AASB 138 at paragraph 54 states;
No intangible asset arising from research (or from the research phase of an internal project) shall be recognised. Expenditure on research (or on the research phase of an internal project) shall be recognised as an expense when it is incurred.
Under AASB 127, X is not required to revalue the shares in Pty Ltd or the foreign subsidiary entities.
Based on the background facts provided, there does not appear to have been a deliberate understatement of the value of assets in the company's accounting records which have been prepared in accordance with the Australian Accounting Standards in effect at the date of their preparation. Accordingly, based on TD 2009/5, the understatement is not of itself an attempt to circumvent the operation of Division 7A.
It is therefore necessary to consider whether Holdings', its shareholders and directors have 'acted, in making loans or other payments, in a way that treats the real and higher value of assets as their true value, that is, regardless of their value shown in the accounting records, and that the mischief against which Division 7A is directed is present'.
Actions
As outlined in the background facts, we understand that at no time during the ruling period did the X Group prepare for internal use or provide to any third party any information in respect of the value of the assets of the X Group that indicated a value that differed to the value recorded for the purposes of the X Group's Financial Statements.
Further, the X Group has not prepared or provided financial reports or other documents that comment on or disclose the gross value of the X Group's assets or individual assets other than those that include the historical accounting values as disclosed in the x Group's financial statements from time to time.
This indicates that the X group has not acted in way that treats a different value as the true value of their assets.
Profit
Holdings is currently in an accounting loss position such that there are no "profits" in an accounting or commercial sense. Holdings expects that it will begin to make a current year profit in the 30 June 2022 financial year however this is not expected to exceed the historical accumulated accounting losses as at 30 June 2021 (i.e. Holdings will still be in an accumulated loss position).
Based on the facts available, whilst the market value of the shares in the company is greater than the contributed share capital, the unrealised gain arising from this does not appear to accessible to Holdings such that it would allow payment of dividends.

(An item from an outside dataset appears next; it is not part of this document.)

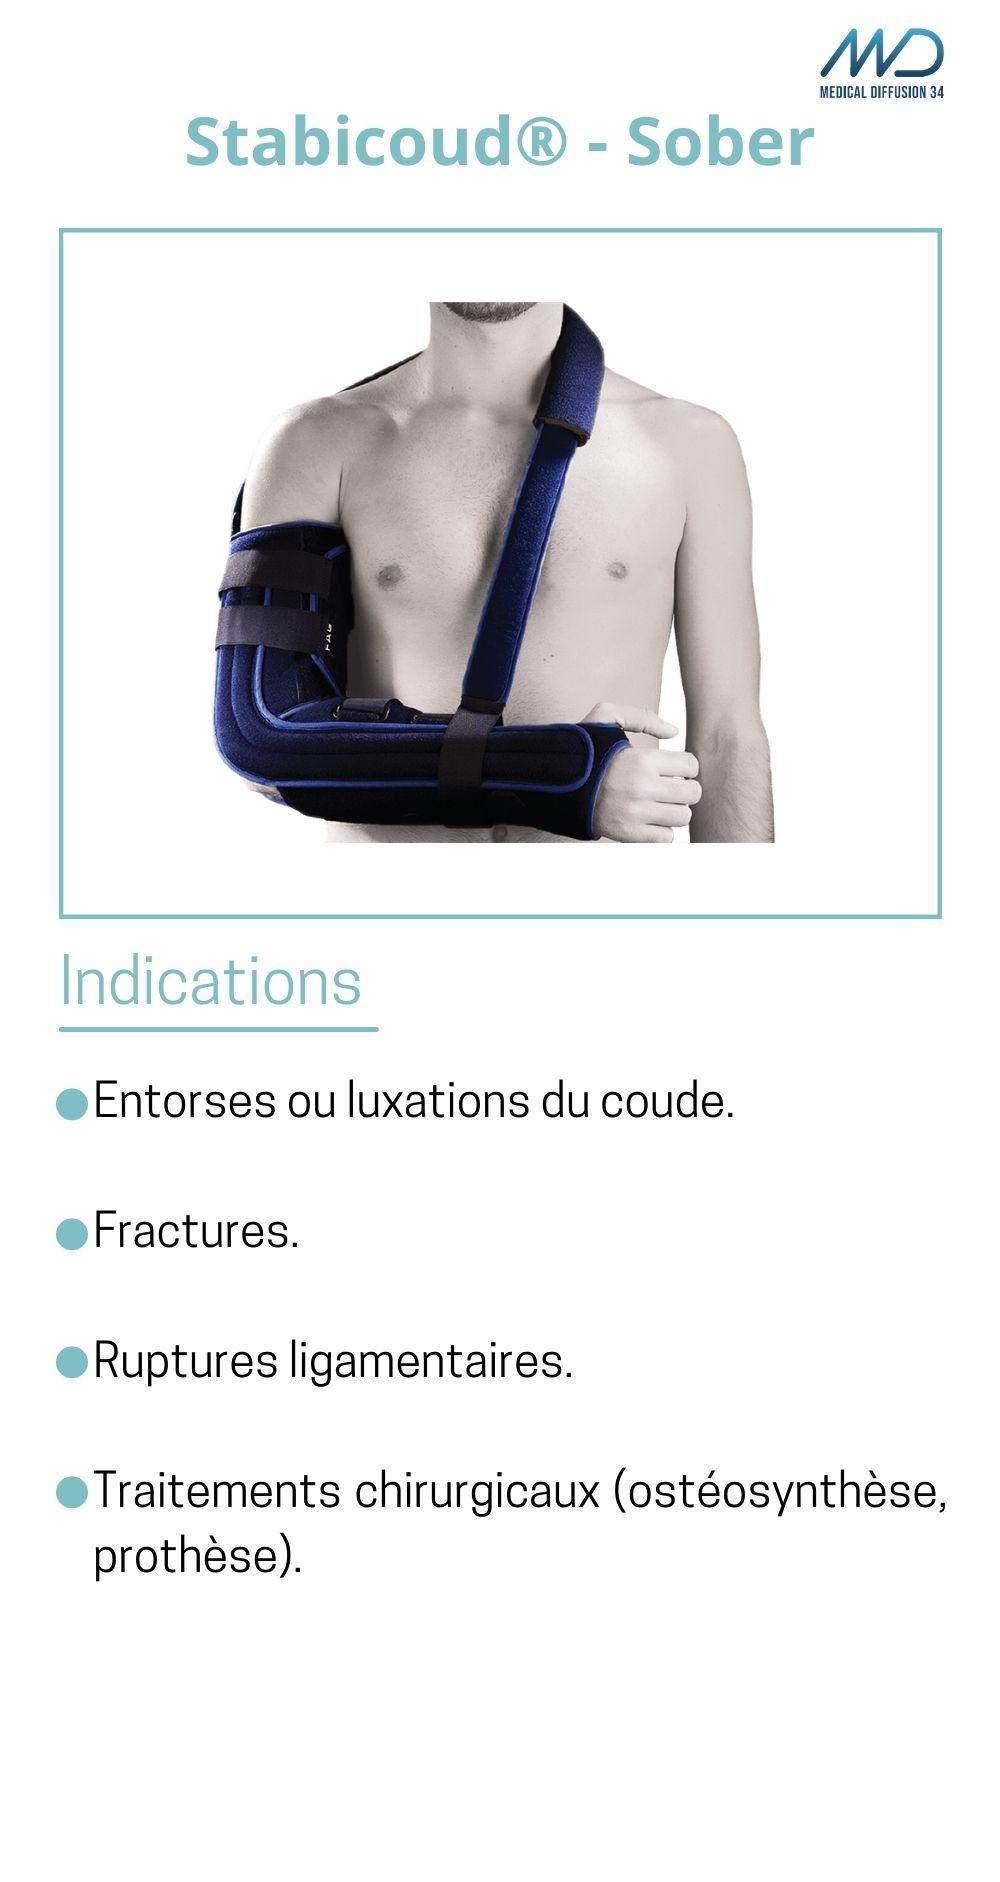 Stabicoud - Sober - orthèse de coude - espace md santé

Motive & Purpose of Division 7A
Based on the facts provided to us, the ESP and associated LP does not appear to be an informal distribution of earnings; rather it is a management incentive plan which incentivises eligible employees to increase the market value of Holdings' shares and the overall business. Loans issued under an LP can only be utilised for the purpose of subscribing for shares in the company.
Paragraph 9.2 of the Explanatory Memorandum to the Taxation Laws Amendment Bill (No.3) 1998 states that:
The purpose of the amendments is to ensure that private companies will no longer be able to make tax free distributions of profits to shareholders (and their associates) in the form of payments or loans.
According to the Explanatory Memorandum of Tax Laws Amendment (2009 Budget Measures No. 2) Bill 2009, the purpose of the ESS legislation is to ensure that:
employees who take part in an employee share scheme are required to pay tax on any discount on the market value of a share or right they receive from their employer.
That is, the reason the rules were introduced was to ensure any discount on the market value does not escape the tax net. The mischief that the ESS rules seek to address does not appear to be present.
Conclusion
Based on the background facts outlined above and our analysis thereof, the Commissioner will not exercise his discretion under subsection 109Y(2) of the ITAA 1936 to substitute the value of Holdings assets in calculating its distributable surplus during income years covered by the ruling period where Holdings had unrealised profits.